W każdym z tych fragmentów, czy przy użytkowaniu, czy przy produkcji, najważniejszym elementem są wykwalifikowani ludzie. Na każdym stanowisku, od monterów, przez technologów, inżynierów, po kadrę kierowniczą, trzeba mieć wszędzie olbrzymią wiedzę i doświadczenie, aby realizować tak skomplikowane projekty. Na przykład Krab nie jest po prostu armatohaubicą, gdzie ładuje się ręcznie pociski i wstrzeliwuje je gdzieś w pole. Tak to nie działa. To dość skomplikowane urządzenie, naszpikowane elektroniką i systemami. Przy nowoczesnych projektach to już nie jest tylko spawanie.
Skoro już Pan nawiązał do tematu Kraba, kontynuujmy. Nie obawia się Pan, że są ryzyka związane z programem K9. Przez wiele lat uczyliśmy się Kraba, jak produkować, szukać możliwości modernizacji, maksymalnie polonizować, wojsko uczyło się go wykorzystywać. A trzeba to również podnosić, dla wojska nowy sprzęt to również ogromne wyzwanie, chodzi o organizację, chodzi o wystarczającą liczbę ludzi. Najczęściej się mówi, czemu przemysł tak mało dostarcza, a chyba z drugiej strony przemysł mógłby zapytać, kiedy po inwestycjach w zakład wojsko więcej będzie sprzętu odbierać. Takie są realia. Patrzę mogliwięc na plany K9, że wchodzimy w jakąś drugą odnogę i obawiam się, że znowu kolejne lata zajmie nam podnoszenie poziomu polonizacji, nauka tego systemu, poszukiwanie pola do jak najszerszego zastosowania własnych rozwiązań. Czy nie obawia się Pan, że przy Krabie zdobyliśmy już pewną bazę, wkrótce pewnie byłby i automat ładujący w ramach modernizacji, a pojawia się koreańska haubica, kolejne lata nauki, dreptania i może za 10 lat…

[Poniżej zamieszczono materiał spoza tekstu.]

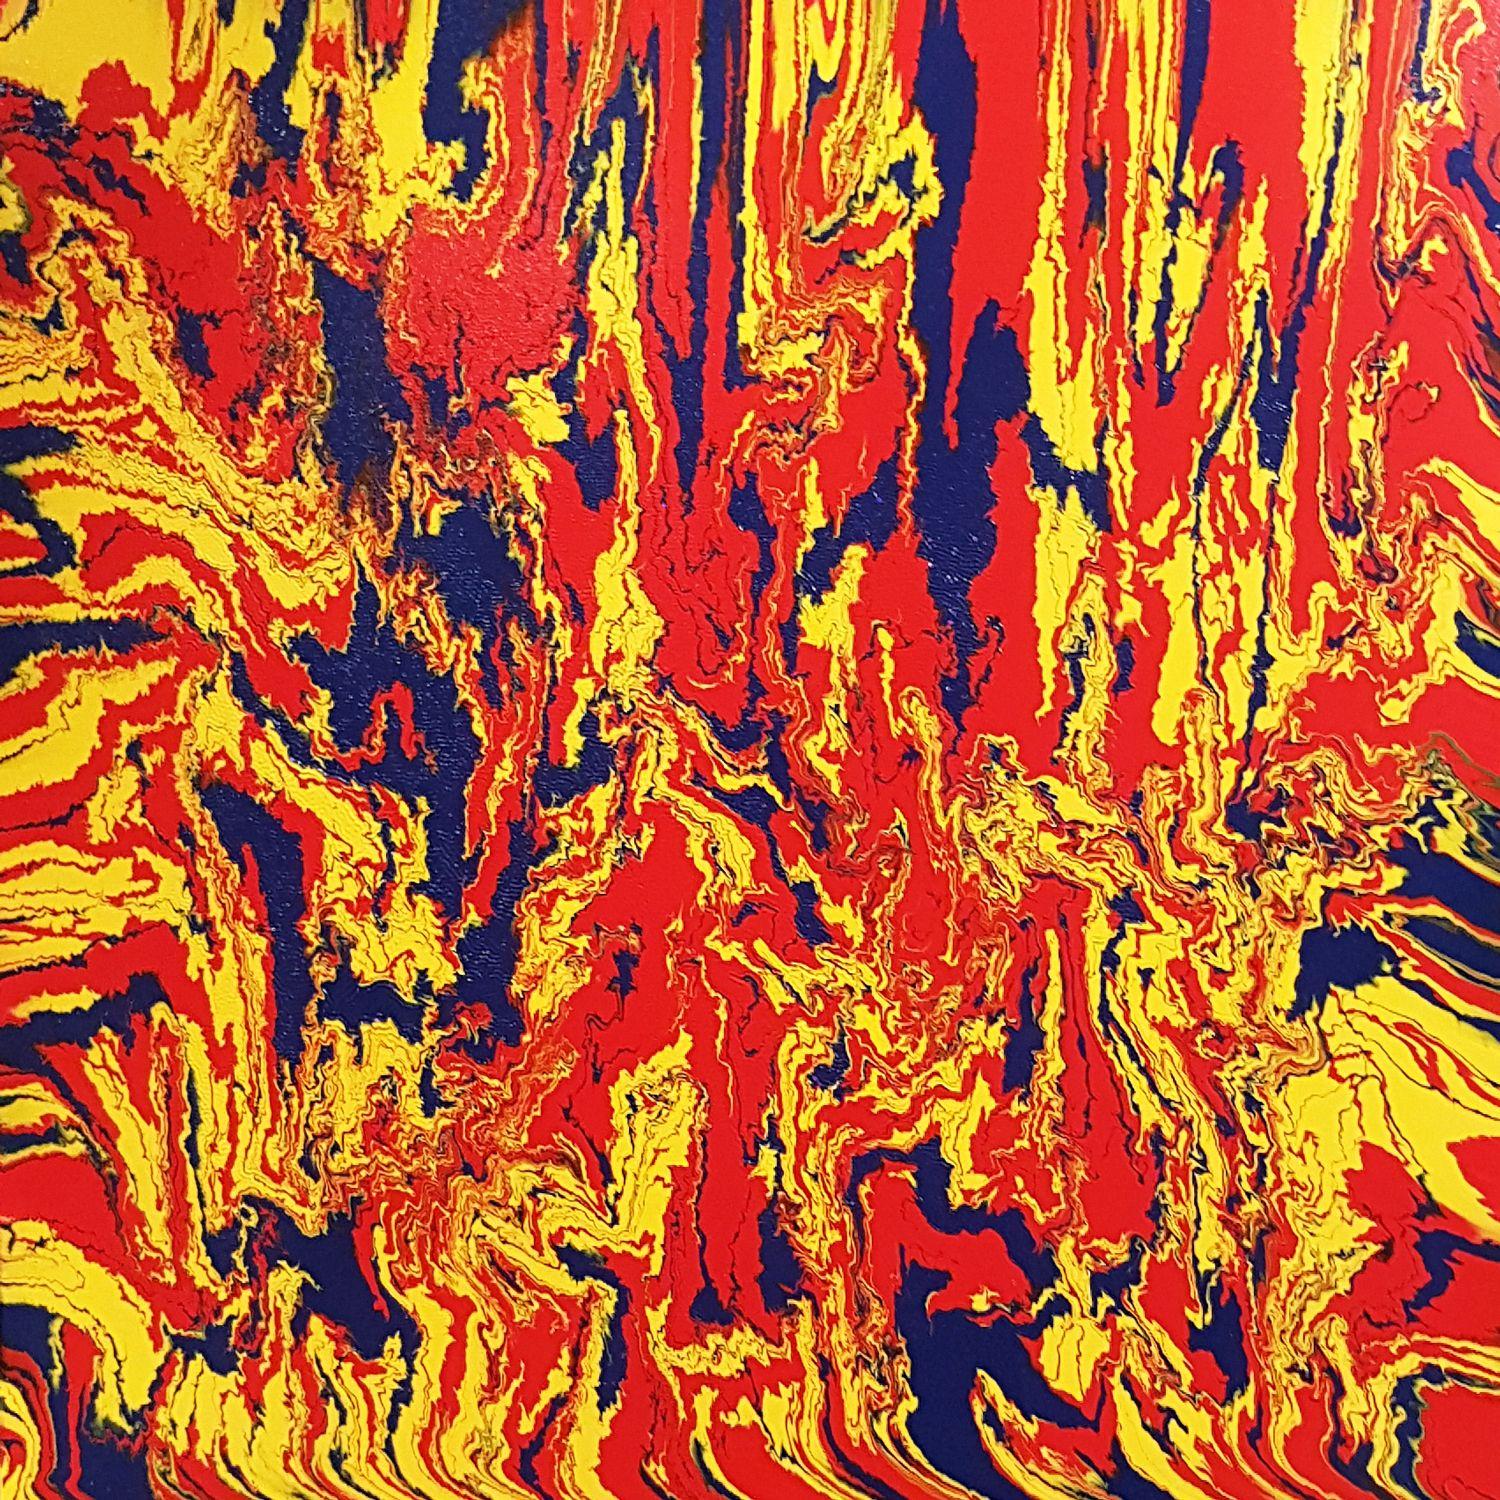 Bold abstract expressionism painting with vibrant primary colours; red, yellow, and blue. This original painting is a part of the "Primary Collection" which features one-of-a-kind statement pieces with a high gloss finish, spontaneous movement, and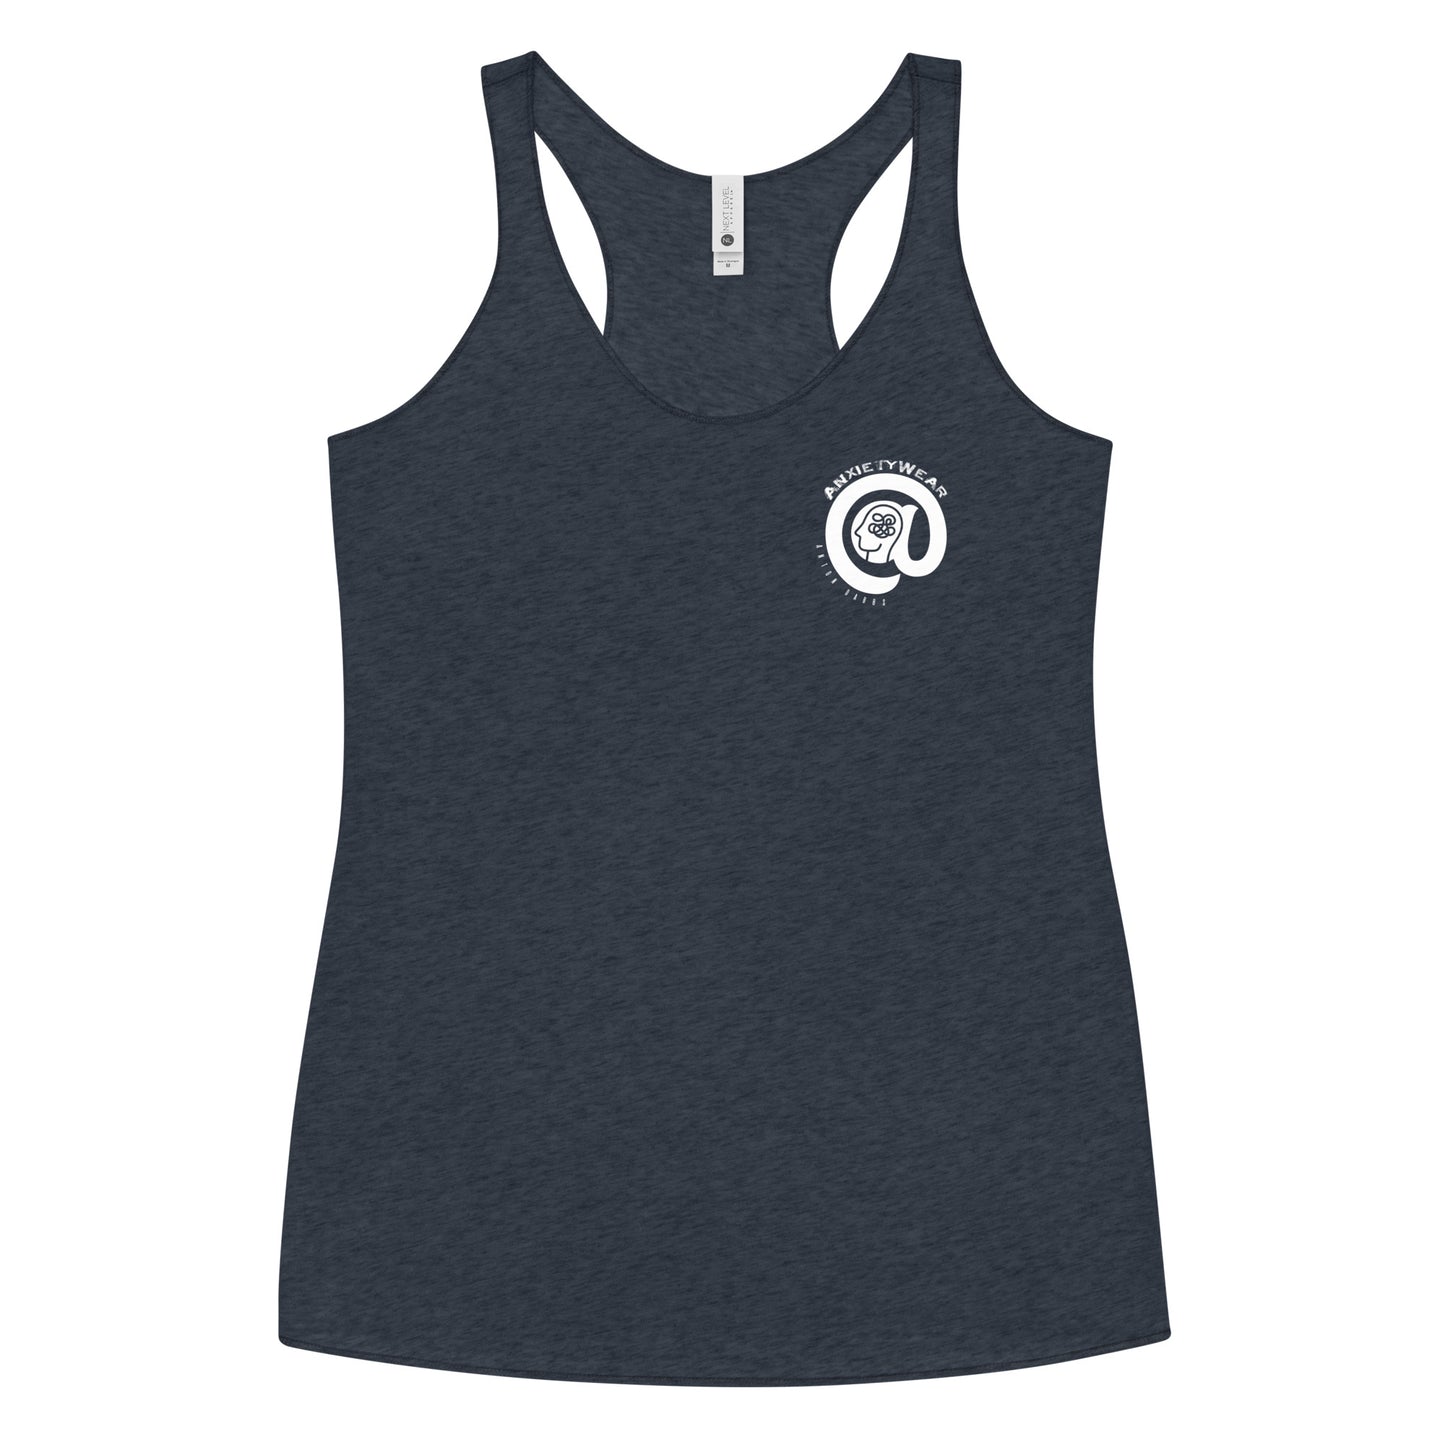 @Anxiety (Branded) - Women's Crested Racerback Tank

Huta Stalowa Wola jest producentem armatohaubicy Krab, która według danych w 90-95% jest produktem polskim, produkowanym w oparciu o zasoby Huty, naszych spółek i generalnie komponenty polskiej produkcji. Silnik jest oczywiście elementem, który pozyskiwany jest z zewnątrz, ale od tego się nie ucieknie. Kiedyś straciliśmy zdolności produkcji silników ciężkich w Polsce. To też jest temat dyskusji, czy teraz warto je odtwarzać. Ja myślę, że zawsze warto produkować w kraju jak najwięcej. Niemniej armatohaubica K9 jest to podobne rozwiązanie, oczywiście specyficzne w systemie załadunku amunicji. Z czego to wynika? Nasza armatohaubica opierała się o brytyjskie podejście, koreańska o amerykańskie, z dodatkowym wozem amunicyjnym. Więc zupełnie inaczej podeszli do tego konstruktorzy tych dwóch systemów, ale też armie, które stosowały tego rodzaju sprzęt.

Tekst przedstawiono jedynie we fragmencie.